Powracające koszmary.

13 0 0
                                    

Hef cała roztrzęsiona wróciła do domu. Właśnie zdała sobie sprawę co zrobiła. Zdradziła męża, którego kocha nad życie, którego uwielbia i oddałaby życie za niego. Zdradziła człowieka, który zmienił jej życie na lepsze. Zdradziła go z kimś tak okropnym, kimś, kto w przeszłości nie dawał Hefci i jej przyjaciołom żadnego spokoju. Jak do tego mogło dojść? No cóż. Przecież człowiek to nie zabawka, też popełnia błędy. Jutro powie to Ananasowi, gdyż przyrzekli sobie na ślubie, że choćby nie wiem co, zawsze będą wobec siebie szczery. A teraz idzie spać. Położy się w swoim łóżku, w swoim domu, w makijażu i w ubraniach, nie ma siły, aby się kąpać czy przebierać w pidżamę. Nie ma siły. Jest wykończona. Dobrze, że jutro weekend, będzie czas na zregenerowanie sił. Ach, swoje łóżko to jednak najlepsze, co może istnieć. Dobra, koniec myślenia o dzisiejszym zdarzeniu. Spać.

Godzina 1:42. Messenger.

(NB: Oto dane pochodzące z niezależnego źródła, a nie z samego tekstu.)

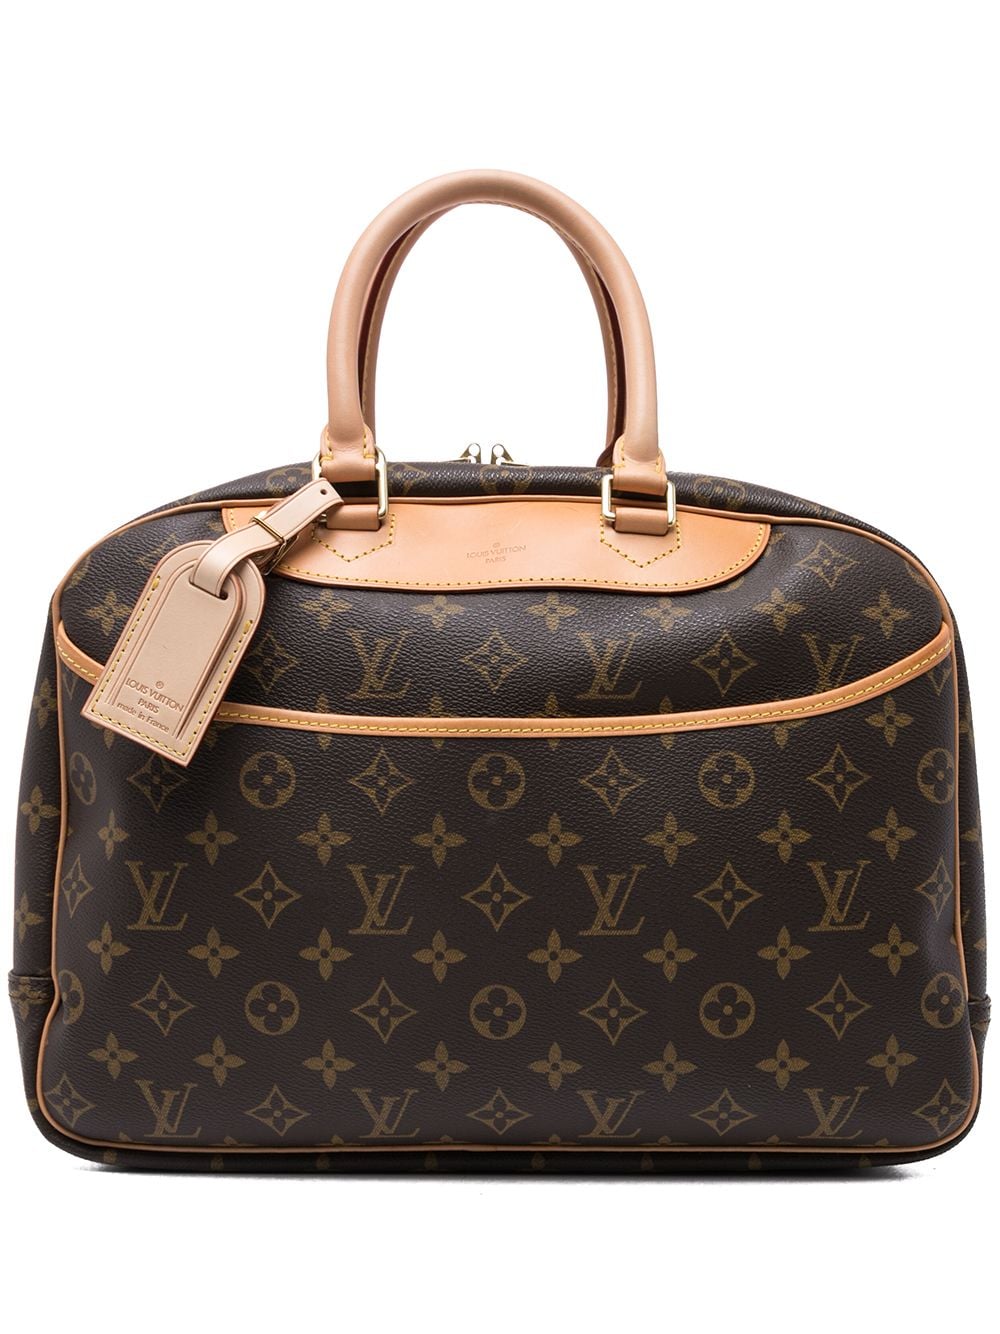 Louis Vuitton 2000s pre-owned Deauville bowling bag - Brown

Hefcia dostaje powiadomienie.

Mój skarbek ;*

Kochanie, jak było u Mateusza? Załatwiliście sprawy?

"Co teraz odpisać? Napisać, że wszystko poszło OK, czy powiedzieć prawdę? A może zaczekać do jutra? Wiem.Nie odpiszę mu. Jutro jak się spotkamy wszystko mu wyjaśnię." - Pomyślała dziewczyna.

Odłożyła telefon na komodę obok łóżka i odwróciła się na drugi bok. Próbowała zasnąć, ale miała wrażenie, że jednak ktoś się na nią patrzy. Bała się odwrócić. Może to tylko jakieś przeczucia. A może i nie? Co jeśli ten vNarf będzie chciał zemsty za tą akcję? Kurczę. "Boję się. Chyba jednak zadzwonię do Wiktora." - Wahania nastąpiły końca, kiedy to Hef odwróciła się z zamkniętymi oczami i wyciągnęła lewą rękę, jednocześnie dłonią łapiąc telefon. Weszła w "kontakty", w pierwszej kolejności "Skarb" i zadzwoniła. Jest sygnał.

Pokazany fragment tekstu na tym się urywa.